Странно! Другой бы радовался, а он? Ну да, конечно, без официального подтверждения Турецкий и не собирался покидать Америку — улика должна быть подшита к делу.
И вот она — на руках. Можно звонить, чтобы отпраздновать победу. Пусть теперь Костя только попробует повертеть носом!
— Костя, я поставил жирную точку! — закричал Александр так громко, будто Меркулов мог его услышать и без помощи телефона. — Легенда о великом писателе оказалась пшиком! Серьезный человек не станет трусливо прикрываться псевдонимом, публикуя всякие гадости про других людей! Баста, конец легенде!
— Не торопись. — Костя словно вылил на него ведро холодной воды. — Нашел доказательства, и. слава богу. Поставь толстую свечку за то, что судьба помогла тебе, я повторяю, лично тебе, разобраться с этим вонючим делом, которое в конечном счете не принесет никому ни славы, ни почтения… Скажу больше, ты можешь забирать с собой все свои доказательства, которые в принципе теперь тоже вряд ли понадобятся.
— То есть как?! Ты о чем говоришь?! — Турецкий взглянул на Мэрфи, удивленно приподнявшего брови, отчего его цыганское все-таки лицо приняло обиженное детское выражение.
— Я говорю, что дело сделано, скажи спасибо всем, кто тебе там помог, и спокойно возвращайся домой. Тут генеральный, кажется, приготовил для тебя очередную бяку.
— Никаких бяк, Костя, иначе я полечу с промежуточной посадкой где-нибудь в Турции, и хрен вы все потом меня увидите! — Турецкий начал потихоньку заводиться.
— Не валяй дурака, Саня! — в сердцах закричал Меркулов. — Тут такое, понимаешь, а он ваньку валяет!
— Тогда объясни внятно, а не отделывайся идиотскими междометиями!
Ничего-ничего, нашла коса на камень!
— Саня, не рычи, — устало сказал Меркулов. — Сегодня там же, в еженедельнике, опубликована Новая статья о Степанцове. И уже без псевдонима, а за подписью твоего Липского.
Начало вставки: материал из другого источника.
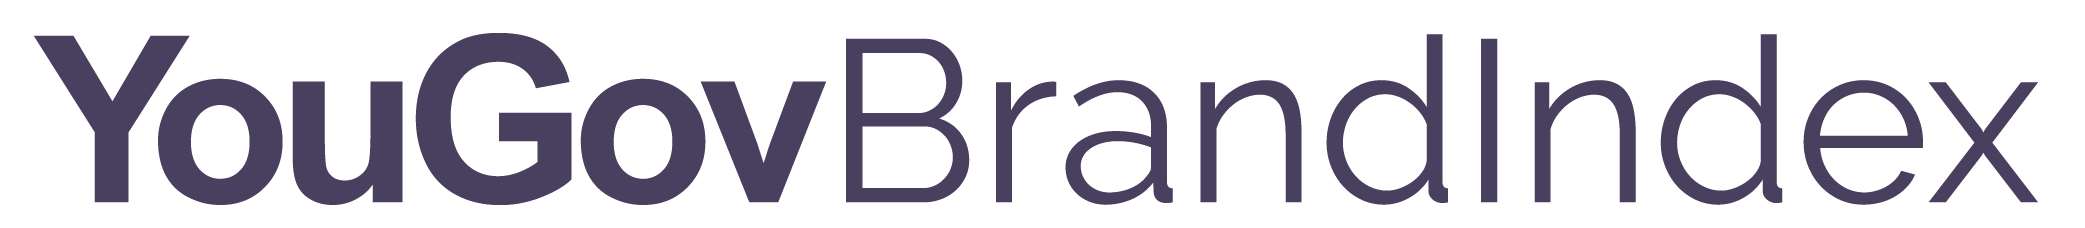 YouGov BrandIndex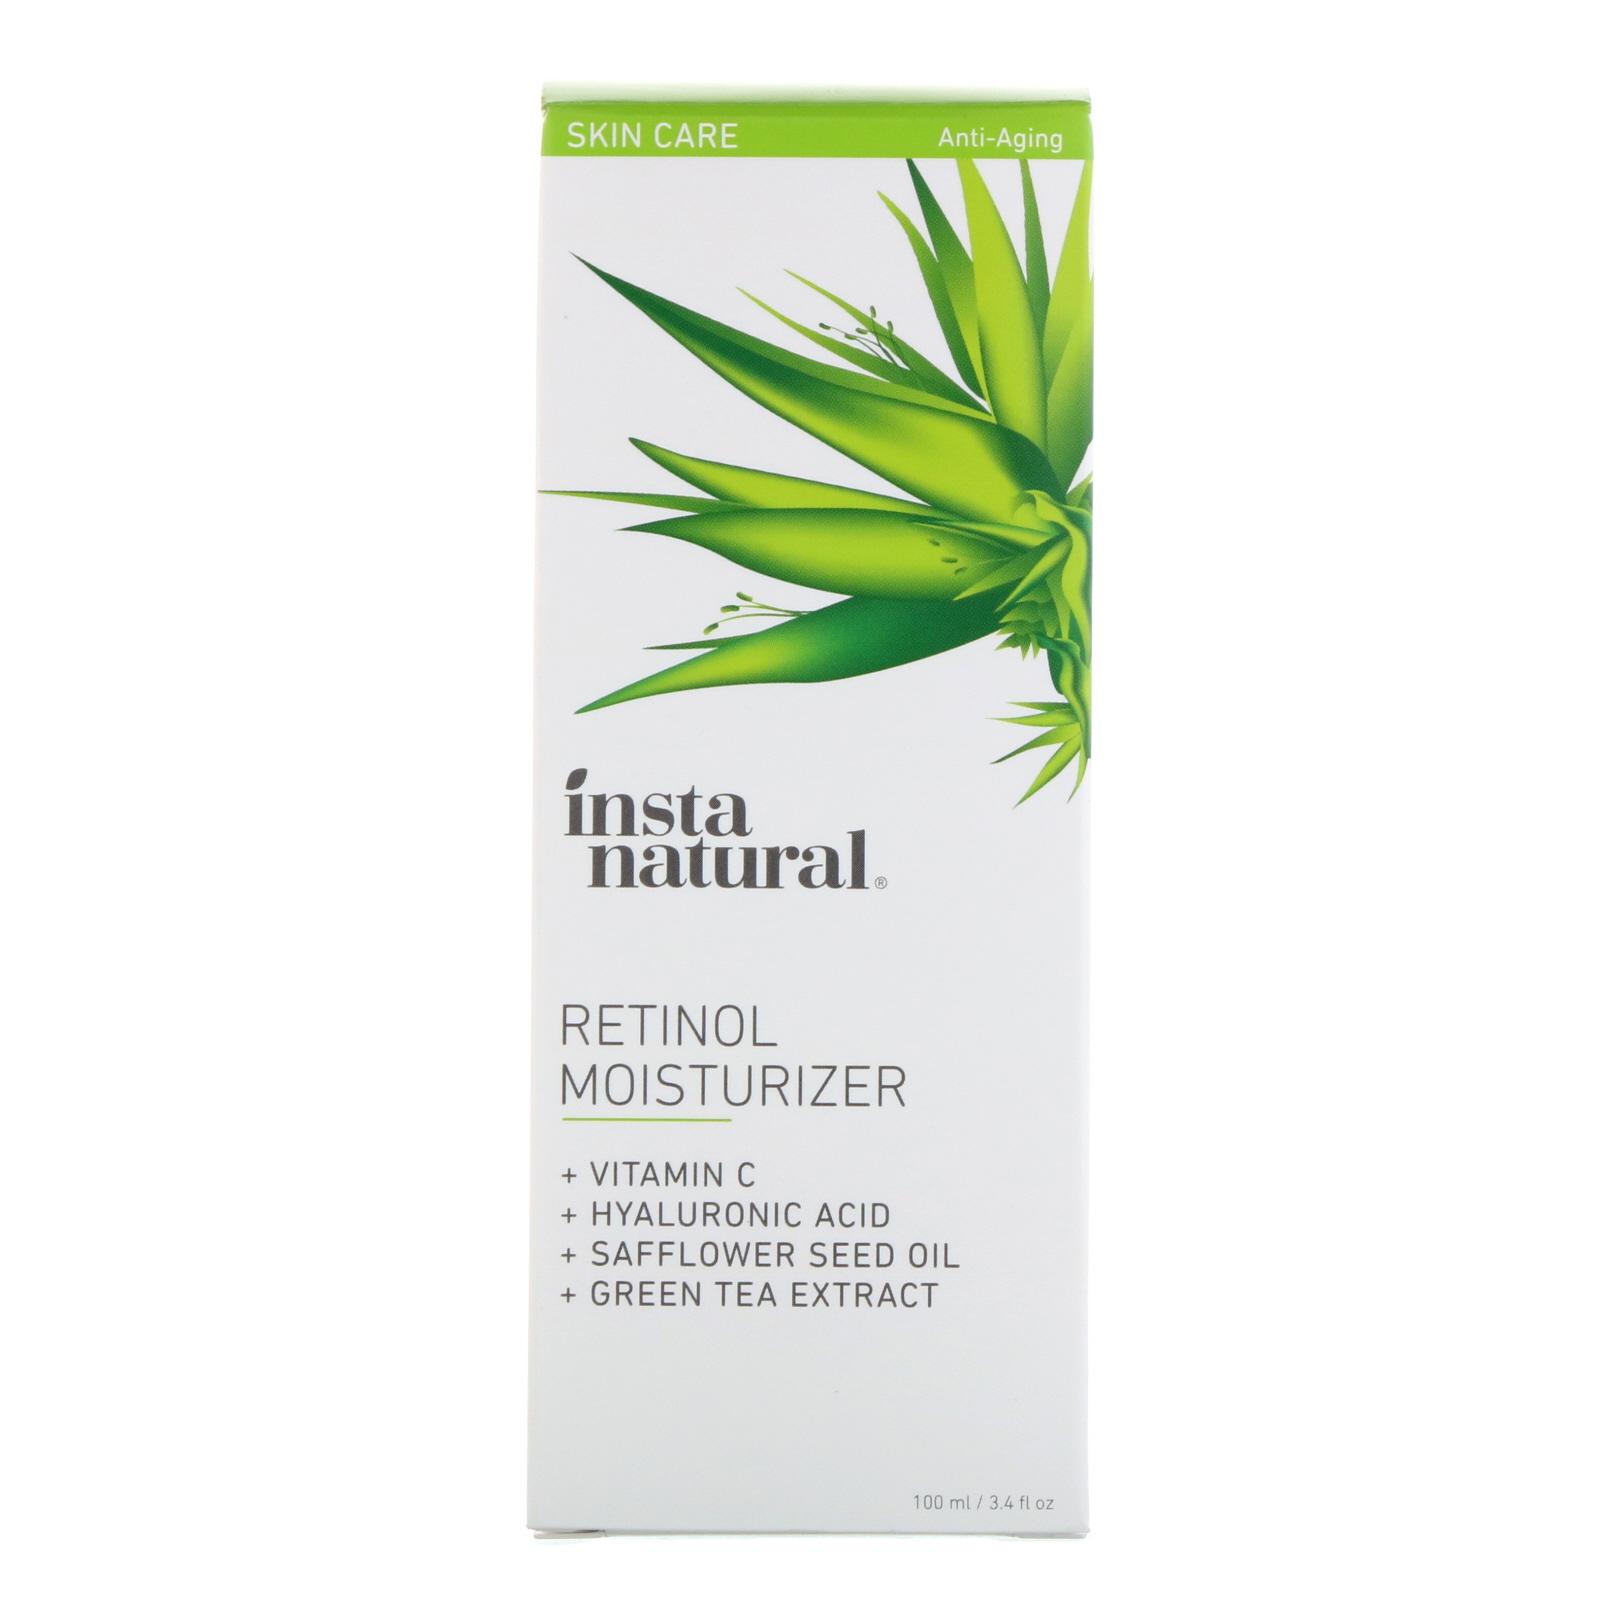 8e41d1c8821 InstaNatural, Retinol Moisturizer, Anti-Aging, 3.4 fl oz (100 ml ...

И вместе с текстом приведено порядка десятка фотографий, подтверждающих, как сказали бы прежде, полнейшее моральное разложение этого ответственного работника.
— Значит, Славка?..
— А что Вячеслав? Ну говорил: Предупреждал. Ну и что дальше? А теперь у Кирилла обширный инфаркт. Отвезли в «кремлевку», на Рублевское шоссе. Диагноз неприятный. Мне жаль Кирилла, я все-таки искренно ему верил. И я почти уверен, что это чистой воды подстава. Кому-то Степанцов стал неугоден. Вот и все, Саня. Чего ты будешь дальше-то доказывать? Что твой Липский — ничтожество? Это понятно и никаких доказательств не требует. Ну, отправят оригиналы фотографий на экспертизу, ну, докажут в конечном счете что это может быть фальшивка, ну, уйдет масса времени, черт возьми! И что в результате? Обширный инфаркт. А выяснять сейчас, кто стоит за этим делом, кто организовал и первую, и вторую публикацию, мы не будем. Нет у меня такого указания!
— Но мы же знаем, Костя!
— А кого интересуют твои знания? Саня, ты в каком мире живешь? Послушайся доброго совета: тихо возвращайся домой. Есть еще вопросы?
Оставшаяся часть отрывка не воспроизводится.